With revenues stagnant or falling, pensions are too easy a target for lawmakers pressed to meet the state’s immediate needs, let alone those 20 or 30 years in the future, he says.
An amendment would take the pressure off those who, even in good years, consider pensions a last priority.
“This is a matter of how do you pay debts that we’ve already accrued,” McIntire says.
But getting an amendment passed in a bad economic environment, and a political season poisoned by public anger toward government and government employees, will be a challenge. It takes a two-thirds vote in the Legislature, and a majority vote by the people.
McIntire recognizes the task. For starters, he addresses what he says is the misperception that state pensions are luxurious.

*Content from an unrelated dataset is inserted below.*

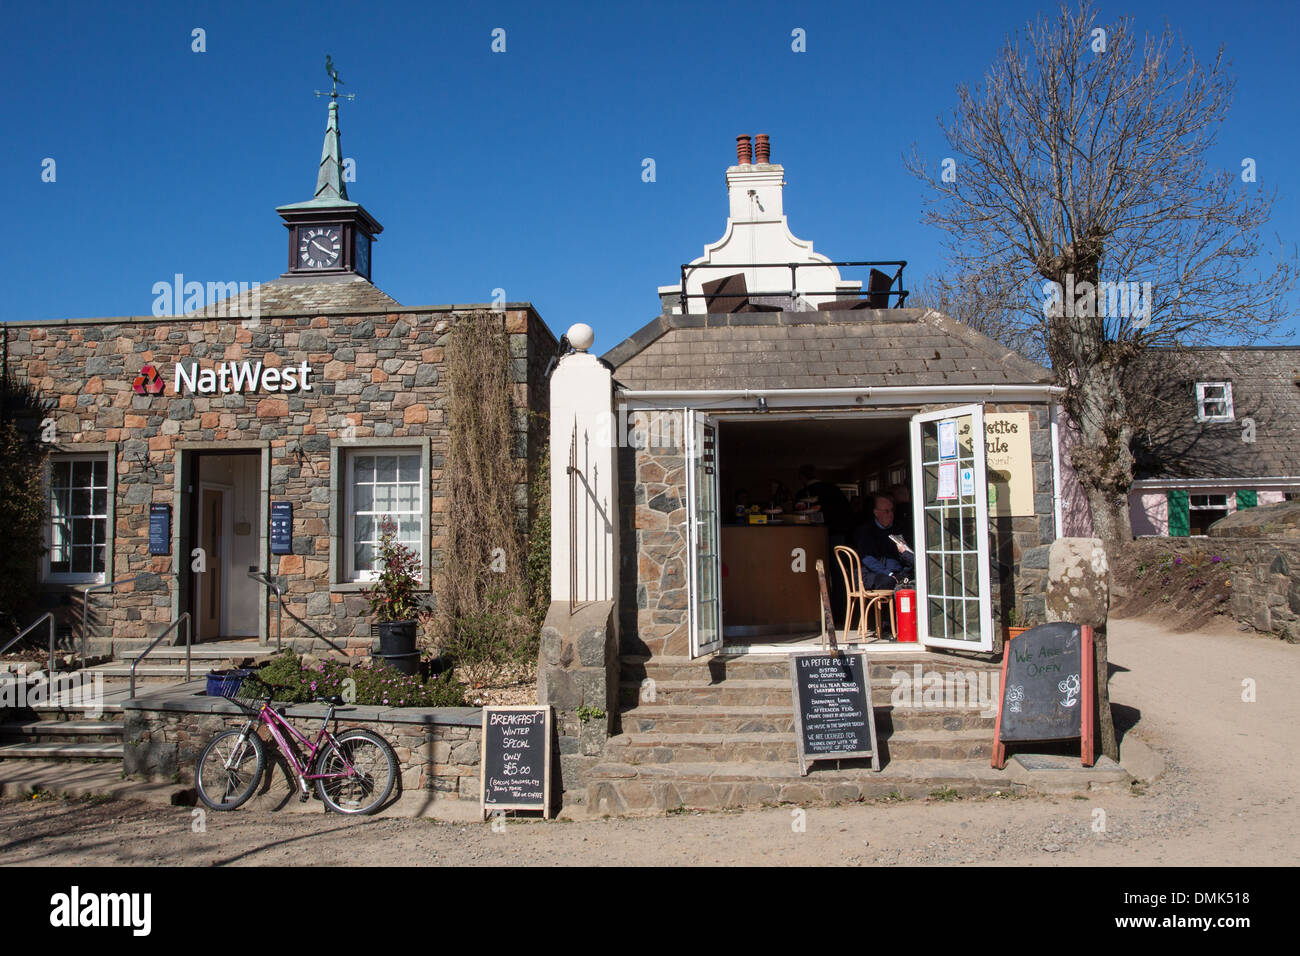 TOWN CENTRE OF SARK WITH A CAFE RESTAURANT AND A BRANCH OF THE BANK NATIONAL WEST, TAX HAVEN, ISLAND OF SARK, CHANNEL ISLANDS Stock Photo

The average pension is slightly more than $20,000, and 96 percent of retirees get less than $50,000. Except for those who began working for the state before 1977, workers are not eligible for pensions until they reach age 65.
The problem is the state’s budget, and money-shuffling and raiding that helps balance revenue and expenditures until state chief economist Arun Raha delivers news of yet another shortfall. Each time pension contributions are pushed into the future, the problem becomes worse.

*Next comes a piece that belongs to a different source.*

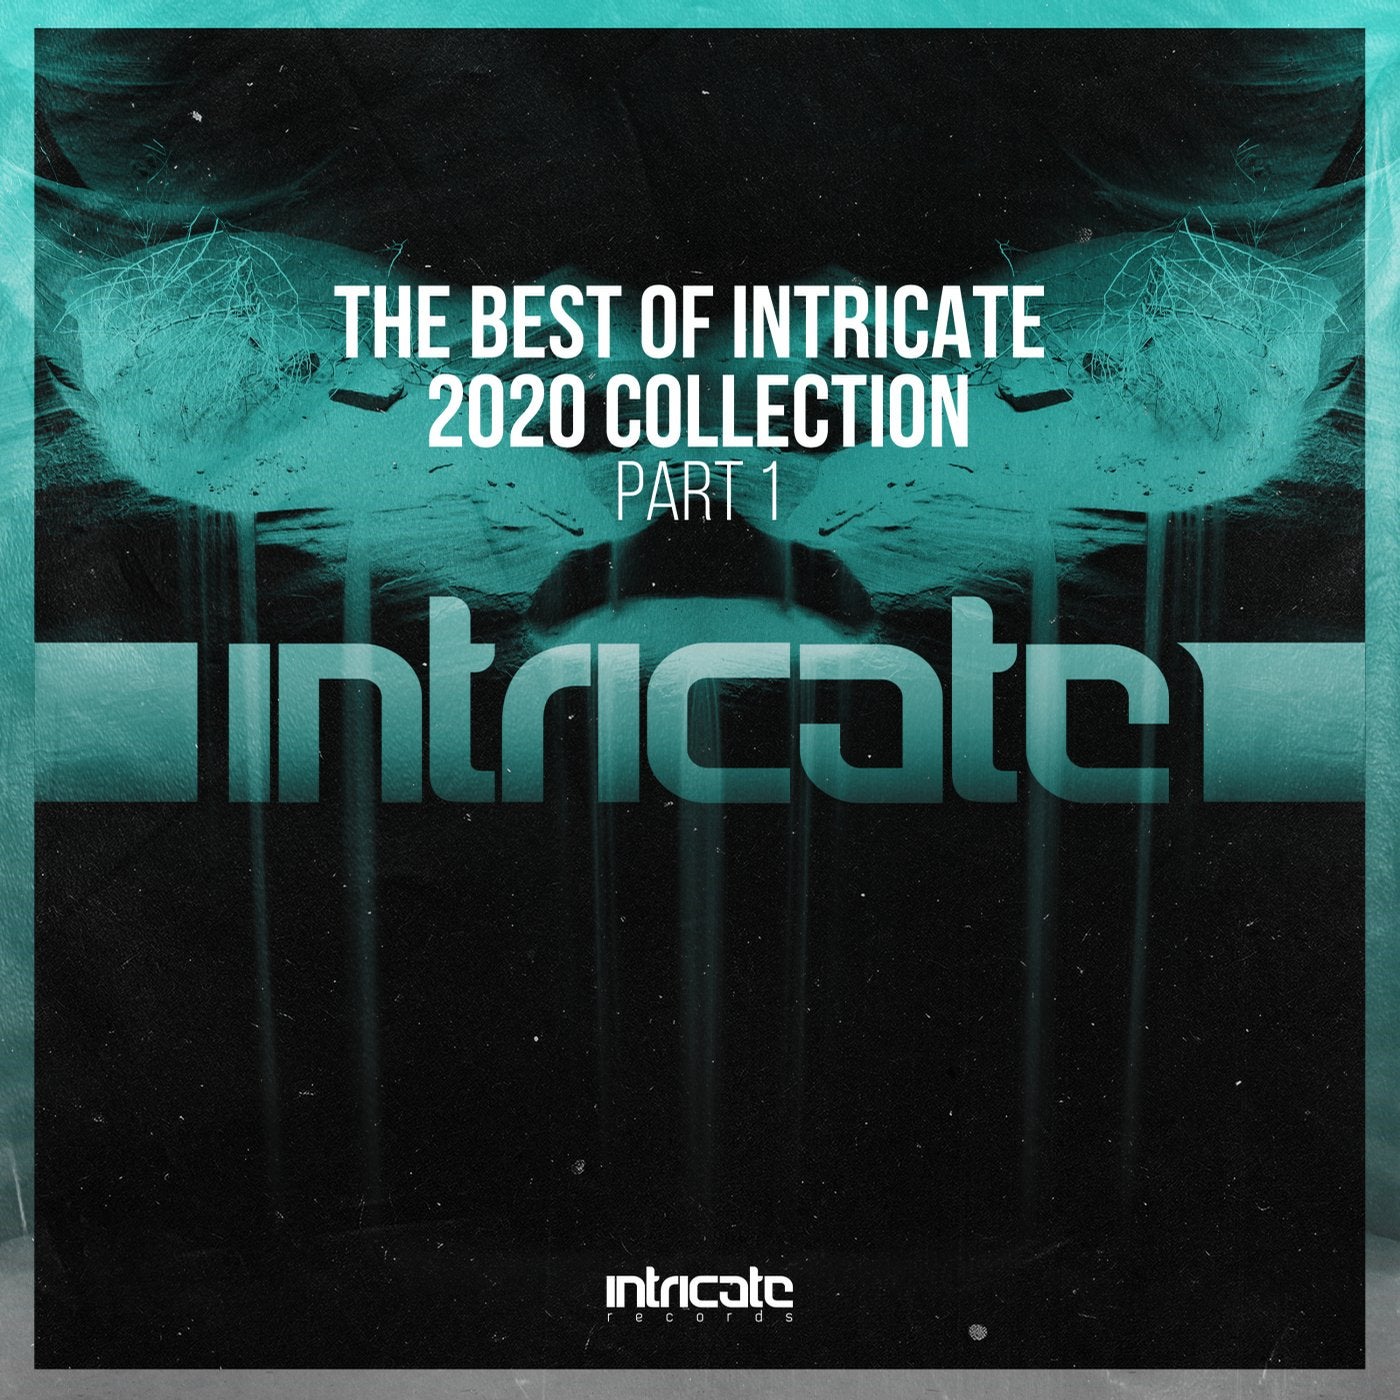 The Best of Intricate 2020 Collection, Pt. 1

Inadequate appropriations over the last decade threaten to create intolerable burdens for Washington taxpayers.
As with every other savings program, personal or institutional, the sooner money is set aside, the less will have to be committed later. Three-quarters of the money in the pension reserves was generated by investment returns.
State and local governments are a combined $6.9 billion in the hole on two pension plans thanks to commitments made up to 1977, when extensive reforms were enacted. The state’s eight other retirement plans are more than fully funded, so much so – the surplus is $179 million – that Washington ranks fourth among the states for the soundness of its pension programs.
But State Actuary Matt Smith warns the surpluses may be short-lived.
Some or all of those pension funds may fall into the red zone for a few years as the state recovers from investment losses that culminated in a 23 percent plunge in 2008. The Commingled Trust Fund averaged better than 8 percent over the last 20 years, mostly on the strength of its performance in the 1990s. Returns were negative in four of the last 10 years.
In a report issued last month, Smith’s office noted that every time the Legislature punts on fully funding pensions, covering the shortfall in subsequent sessions was harder even when revenues improved.
And in a presentation to a select legislative committee last week, one slide showed unfunded obligations nearly equal to current plan costs in another 15 to 20 years.
McIntire says he is optimistic Washington will not go down that path, based on the past willingness of legislators to enact reforms that have the state far ahead of most others in addressing pension issues.
“This is a well-managed system,” he says.
McIntire says there is bipartisan interest in his bill. Labor and business interests alike are open to reform.
“I’m going to keep pushing,” he says.